Les propriétaires bailleurs ne sont pas exclus du dispositif, mais leurs conditions d’accès diffèrent. Ils peuvent prétendre à MaPrimeRénov’ Copropriétés s’ils sont dans un immeuble collectif, ou à des aides spécifiques s’ils s’engagent à louer le logement rénové à des tarifs plafonnés pendant une durée minimale.

Agir maintenant plutôt qu’attendre des règles plus favorables

Un angle souvent négligé : les aides actuelles, aussi contraignantes soient-elles dans leurs conditions, restent historiquement généreuses. Rien ne garantit que les enveloppes budgétaires allouées à la rénovation énergétique se maintiendront à ce niveau dans les années à venir. Le contexte budgétaire de l’État français et les arbitrages politiques peuvent faire évoluer rapidement ces dispositifs.
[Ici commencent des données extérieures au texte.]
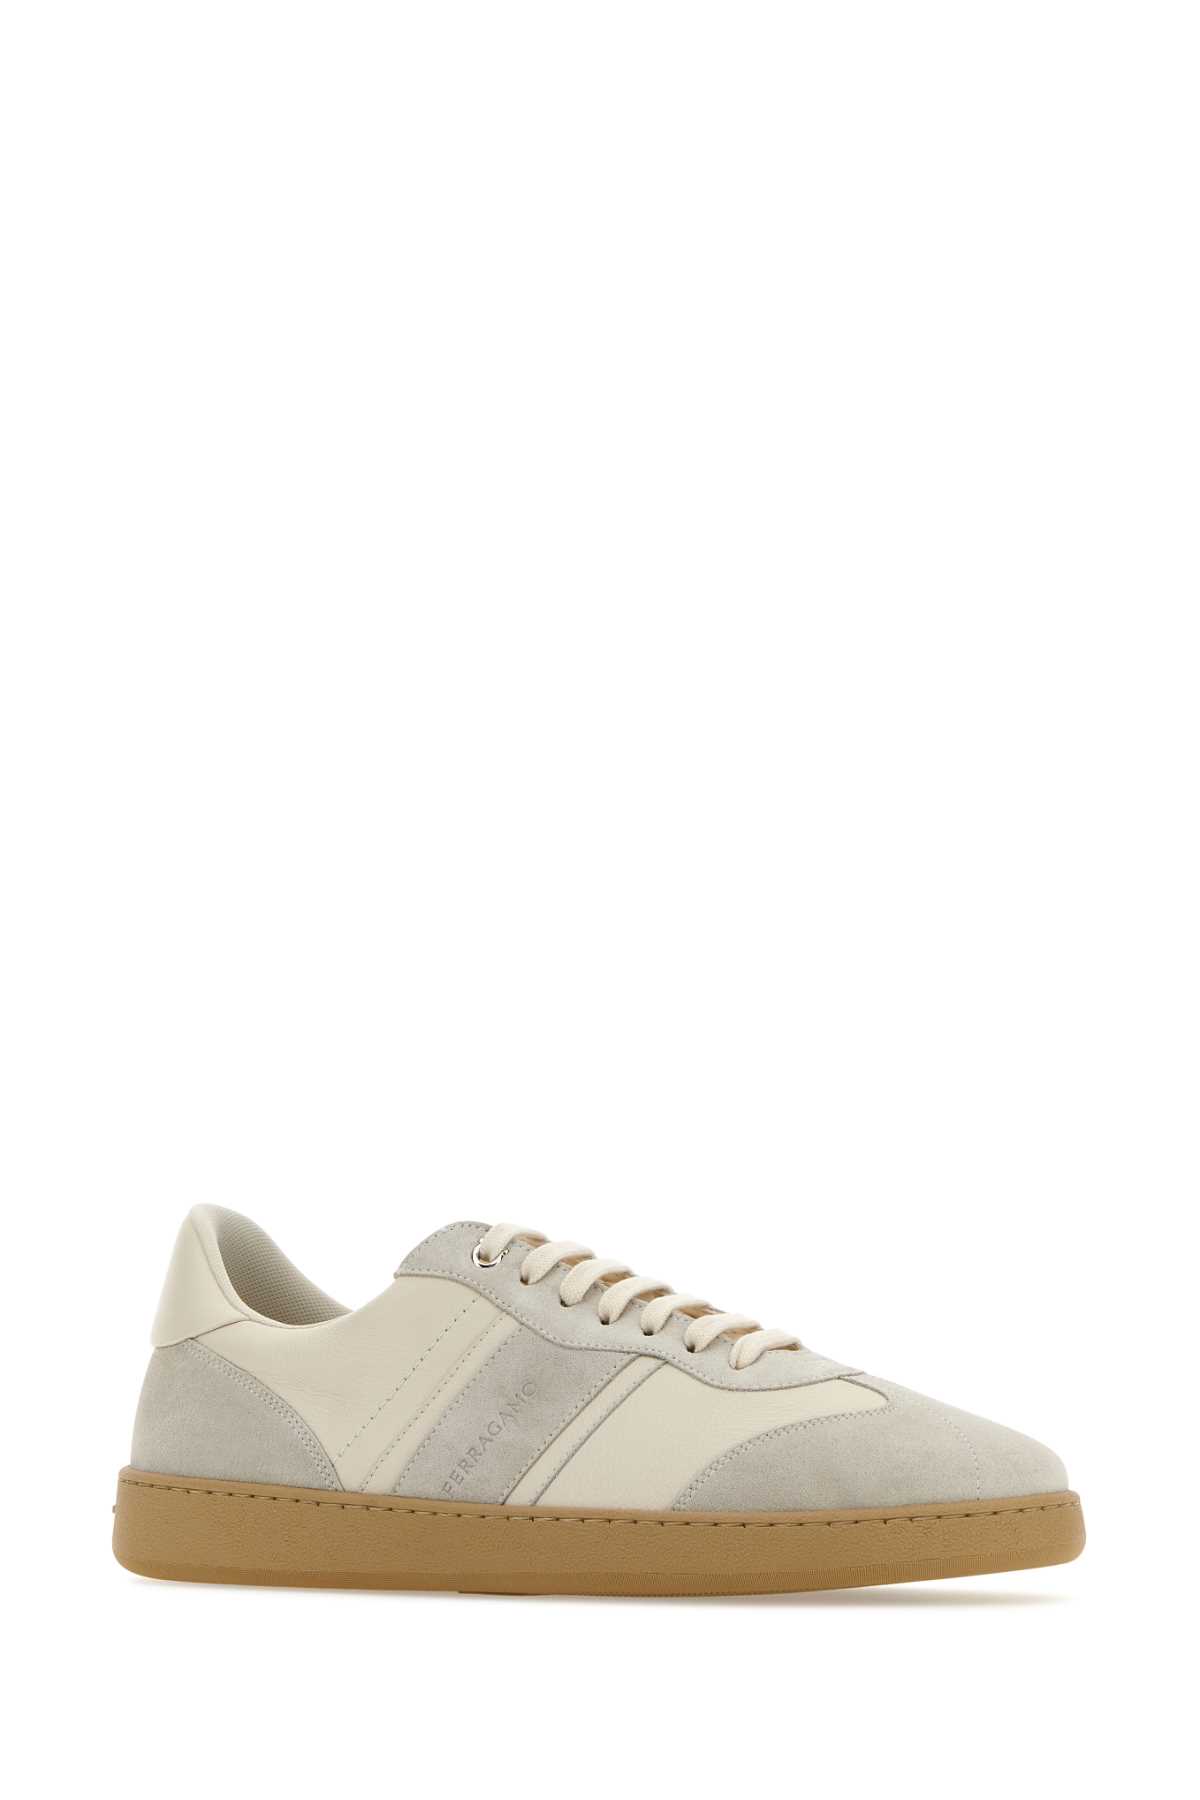 FERRAGAMO TWO-TONE LEATHER AND SUEDE ACHILLE SNEAKERS

Les passoires thermiques classées F et G sont par ailleurs soumises à un calendrier de mise en conformité. Depuis le 1er janvier 2023, les logements G les plus énergivores ne peuvent plus être mis en location. En 2025, tous les logements G seront concernés. En 2028, ce sera le tour des F. Les propriétaires qui n’anticipent pas ces échéances se retrouveront dans une situation délicate, contraints de réaliser des travaux en urgence, sans pouvoir planifier sereinement leur financement.

Réaliser un audit énergétique avant tout projet est désormais obligatoire pour les logements classés F ou G mis en vente, et vivement conseillé pour les autres. Cet audit identifie les postes prioritaires, chiffre les gains attendus et sert de base pour constituer un dossier d’aides solide. Son coût est partiellement pris en charge dans le cadre de MaPrimeRénov’.

Se faire accompagner par un professionnel du bâtiment certifié RGE et un conseiller France Rénov’ reste la meilleure protection contre les dérives. Le marché de la rénovation énergétique attire des acteurs sérieux comme des opportunistes. Un devis détaillé, une entreprise vérifiable, un dossier monté avec soin : voilà les trois garanties d’un chantier qui tient ses promesses.